The Ivanpah Solar Energy Generating System, located in the Mojave Desert, is the largest solar power project of its kind, reports The National Journal, and department officials say it is a win for the federal loan guarantee program.

The program funding the Ivanpah project is the same that was involved in the failed Solyndra effort, among other green initiatives that flopped in recent years.

The loan guarantee program was resurrected in 2013, under attack by Republicans and other critics who say loan guarantee programs are not the way to entice new technology.

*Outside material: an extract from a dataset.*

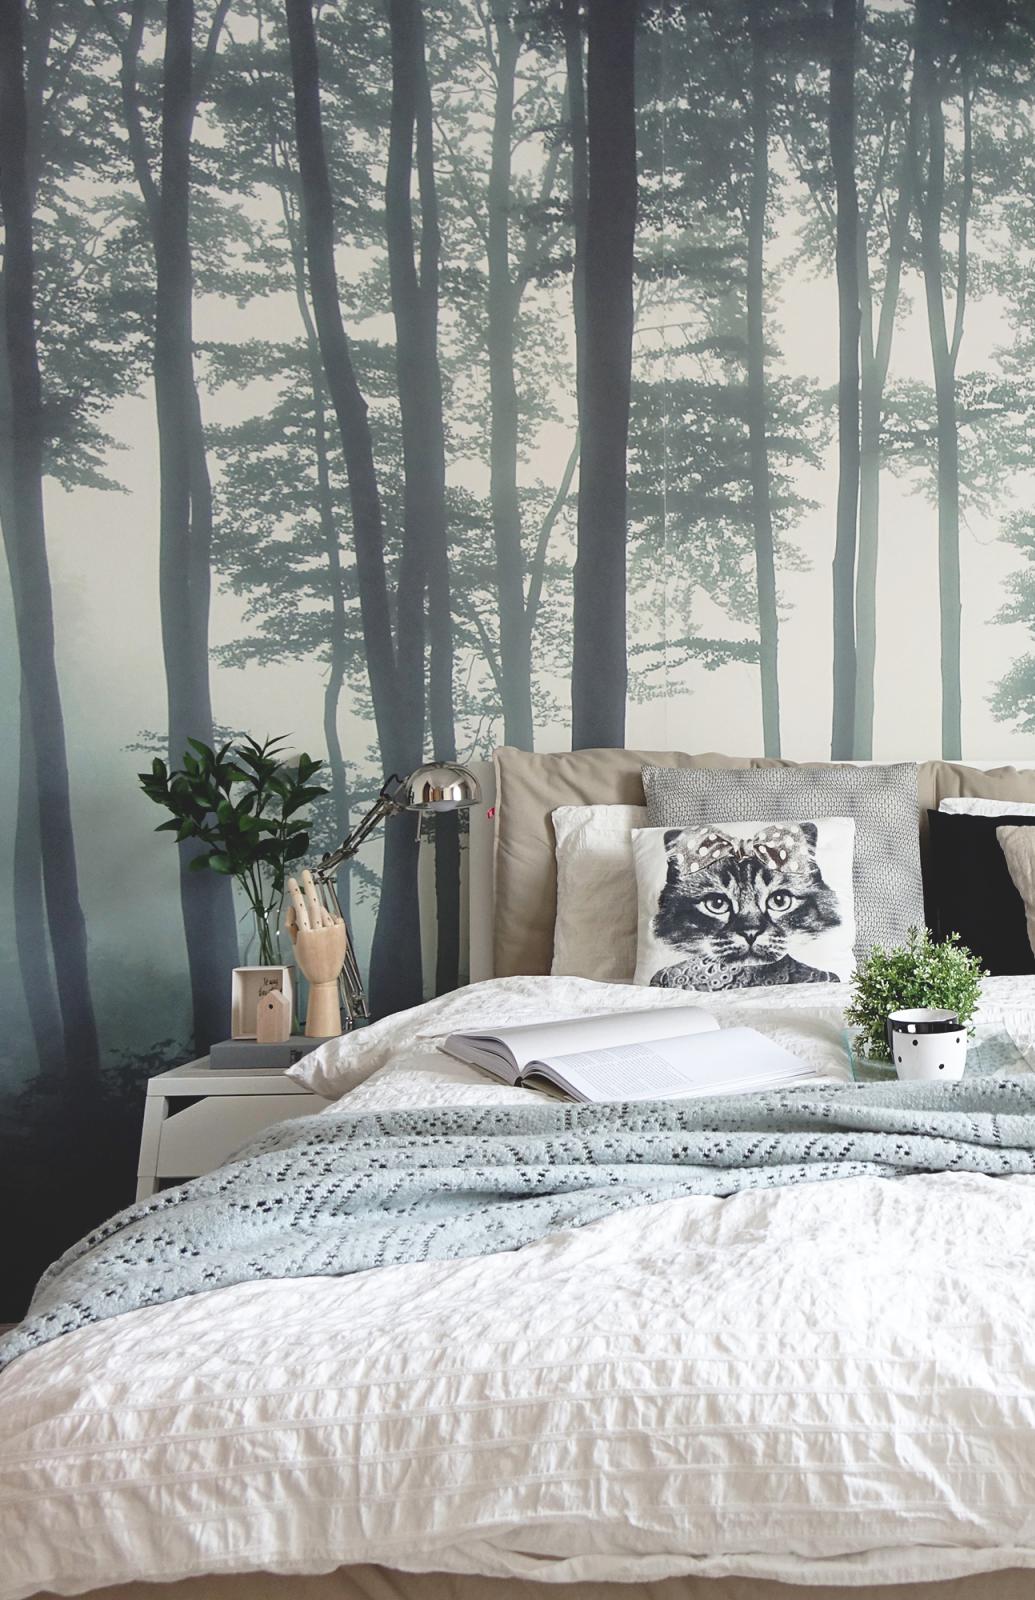 Sea Of Trees Forest Mural Wallpaper Muralswallpaper Forest

At that time, the Energy Department said it was implementing an $8 billion program to help the coal and oil industries develop and adopt innovative energy technologies that would otherwise struggle to get backing from private investors who might find it too risky or expensive.

But critics said the program, originally created in 2005, is a misuse of taxpayer money, pointing to the 2011 failure of the solar module maker Solyndra, which defaulted on a $535 million government loan, prompting a congressional investigation.

Others say such loan guarantee programs are unlikely to stimulate significant numbers of new technologies nor ventures that might become economically viable on a mass scale.

Energy Department officials say that although Solyndra failed, the loan portfolios of at least two dozen other projects have been successful, and Ivanpah is another success story.

The project was made possible by a public-private partnership between the Energy Department and the project's sponsors, according to Peter Davidson, the executive director of the Energy Department's loan programs office.

Ivanpah, coming in at a total of $2.3 billion, is a joint effort of NRG Energy, Google, and BrightSource Energy, which say the project will provide enough clean electricity to power 140,000 homes.

However, solar power is already facing a supply issue. Most of the power generated through the new solar plant will be purchased by Pacific Gas & Electric and Southern California Edison, reports The San Francisco Chronicle, but other solar plants may be scrambling to sell their product.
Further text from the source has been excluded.